In broad terms, coastal waters were primarily full of decomposing plant materials 100 years ago, which suggests that the coastal ocean of that era released carbon dioxide to the atmosphere.
With the human activity associated with industrialization, however, came the burning of fossil fuels for manufacturing and transportation, putting more carbon dioxide into the air and creating an increased pressure of this gas on some regions of the earth’s surface– including coastal areas. Following World War II, manufacturers also began producing vast quantities of agricultural fertilizers containing nitrogen and phosphorous – and about 95 percent of these nutrients run off into rivers and are flushed into coastal waters. There, these elements stimulate microscopic plant production, which draws carbon dioxide into the water to aid in plant growth.
“The evidence suggests that human activities in coastal zones will continue to have an important impact on global carbon cycling,” Bauer said. “It’s a tricky area of study, but omitting the coastal ocean from the overall carbon budget leaves a gap in projections for future atmospheric CO2 levels.”
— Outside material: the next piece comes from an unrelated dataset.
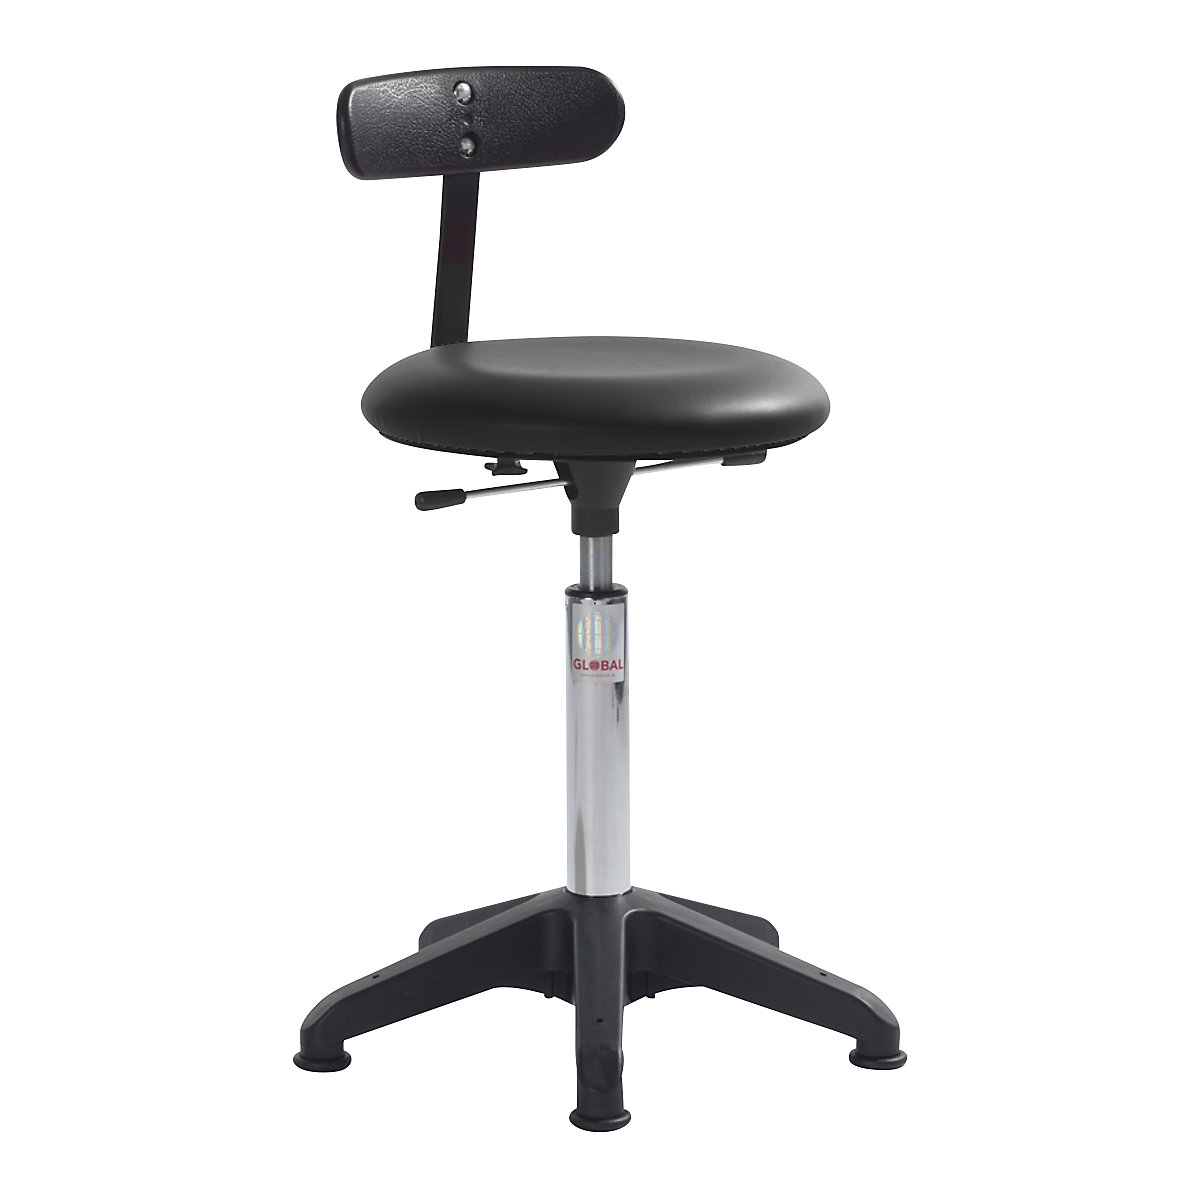 Industrial stool, height adjustable

This work was supported in part by the National Science Foundation’s Chemical and Biological Oceanography, Integrated Carbon Cycle Research, Arctic Natural Sciences, Long-Term Ecological Research, and Ecosystem Ecology programs; NASA’s Interdisciplinary Research in Earth Science program; the National Oceanic and Atmospheric Administration; Georgia Sea Grant; the European Union’s Seventh Framework Program project GEOCARBON; and the government of the Brussels-Capital Region.
Co-authors of the paper include Wei-Jun Cai of the University of Delaware; Peter Raymond of Yale University; Thomas Bianchi of the University of Florida; Charles Hopkinson of the University of Georgia; and Pierre Regnier of the Université Libre de Bruxelles in Belgium.